Street Food confezionato in modo basic
“Una seconda categoria di consumatori di pasti fuori casa è rappresentata dai giovani — riprende Botti — che si ritrovano spesso soli tra frigoriferi vuoti e fornelli abbandonati (il 50% degli italiani passa oggi meno di mezz’ora al giorno a far da mangiare), e che preferiscono evadere e uscire alla ricerca di food on the go oppure ordinare a domicilio easy food. Una testimonianza forte di questo fenomeno è la scelta di McDonald di attivare il servizio di delivery anche in Italia. Questo tipo di risposta si trova on the street, a un costo contenuto, di facile consumo, sfiziosa ed ecumenica nei gusti. Il packaging gioca un ruolo accessorio, spesso è molto basic, anche perché consumato sul posto, piuttosto il servizio di consegna avrebbe bisogno di sistemi di conservazione e trasporto idonei. La versione convenienza di queste proposte, rende comunque accettabile anche alcuni difetti, in ragione della facilità. Brand come Spontini, Dominos Pizza e ultimamente anche McDonald propongono servizi take away o delivery”.

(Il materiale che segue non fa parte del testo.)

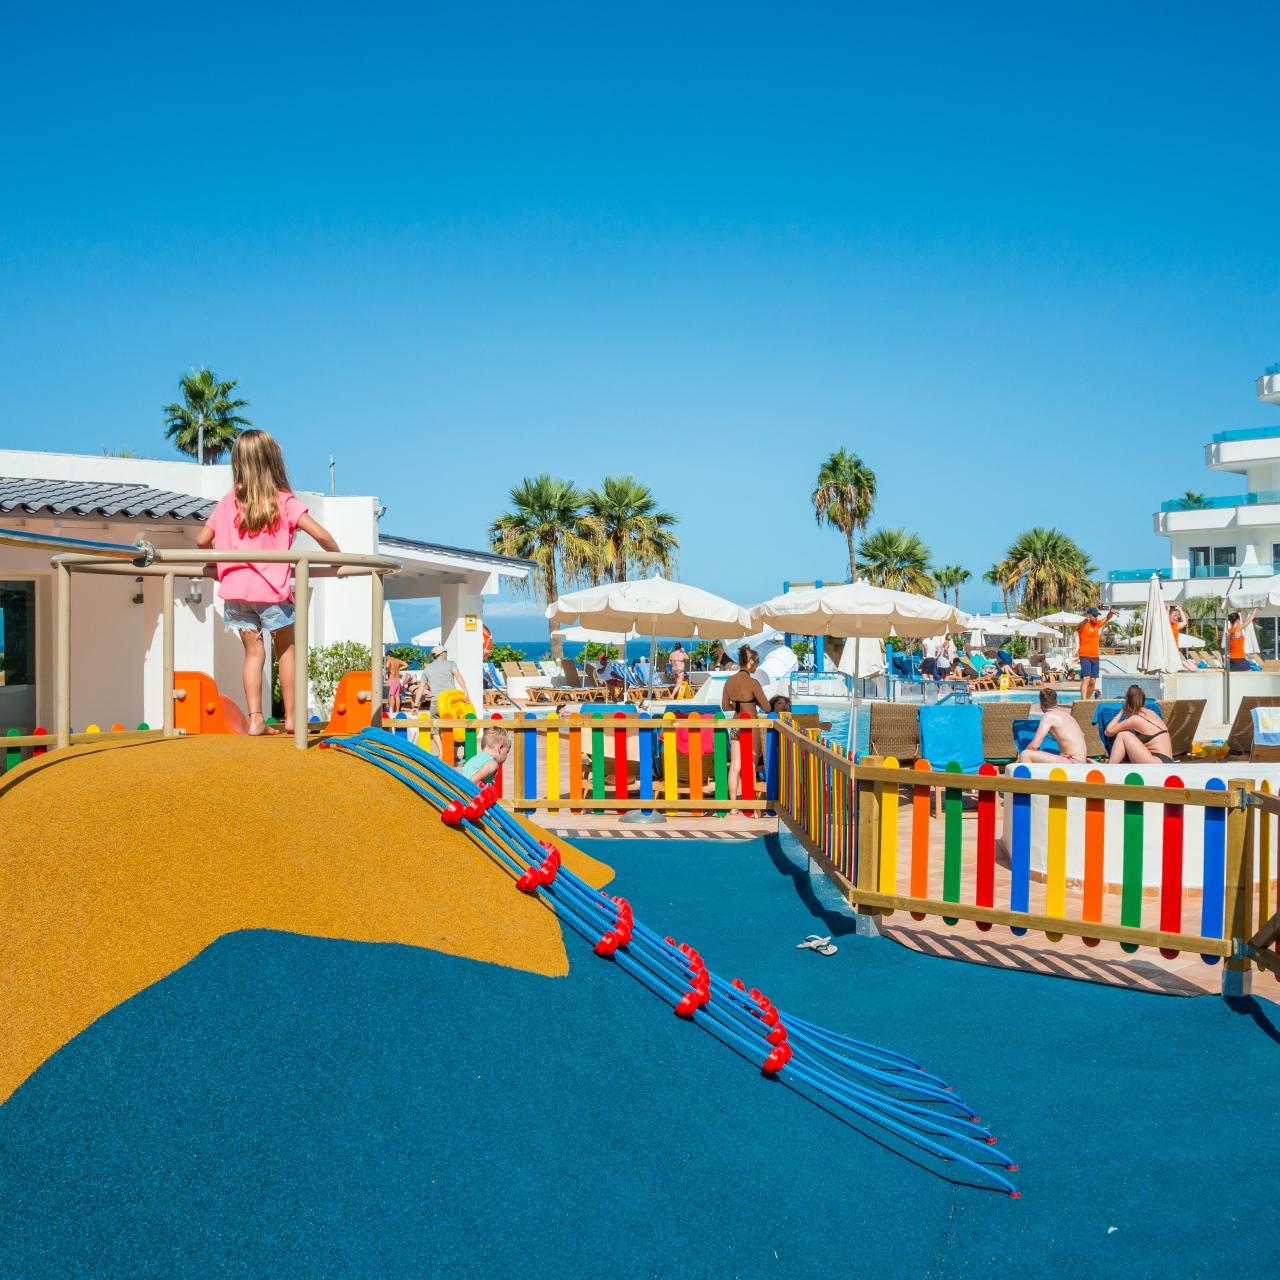 Hovima La Pinta Beachfront Family Hotel 4 Hrs Star Hotel In Tenerife Kanaren

Nelle mail box schede, brochure, pieghevoli
Dopo il Take Away, nel panorama del Food Delivery, ha preso corpo ancora un altro segmento, anch’esso relativamente emergente: quello dei meal kit. Si tratta di un servizio di consegne a domicilio che offre un packaging completo di pasti pronti, che variano dalle formule basic alle proposte vegan, gluten free, fino all’ alta cucina oppure con ingredienti già preparati per fare in casa piatti prelibati, seguendo le ricette di chef stellati. “Se la mamma non cucina più — commenta Roger Botti — allora si dà libero sfogo alla sperimentazione alimentare, dopo anni di tradizione ci siamo aperti al pesce crudo, alle torte americane, al fish and chips, ai burgher ma di Fassona. Per poterli sdoganare li abbiamo resi gourmet”. All’interno delle confezioni, oltre ai cibi, si trovano brochure informative, schede, libriccini di ricette. Perché l’emozione dell’esperienza gourmet passa anche attraverso la carta. “Per essere credibili in quest’ambito — dice sempre Botti — il packaging dei prodotti deve essere ricercato, anche se semplice e capace di offrire un servizio intelligente, comunicare con entertainment, insomma deve trasmettere qualità perché possa passare il giudizio  delle famiglie italiane”.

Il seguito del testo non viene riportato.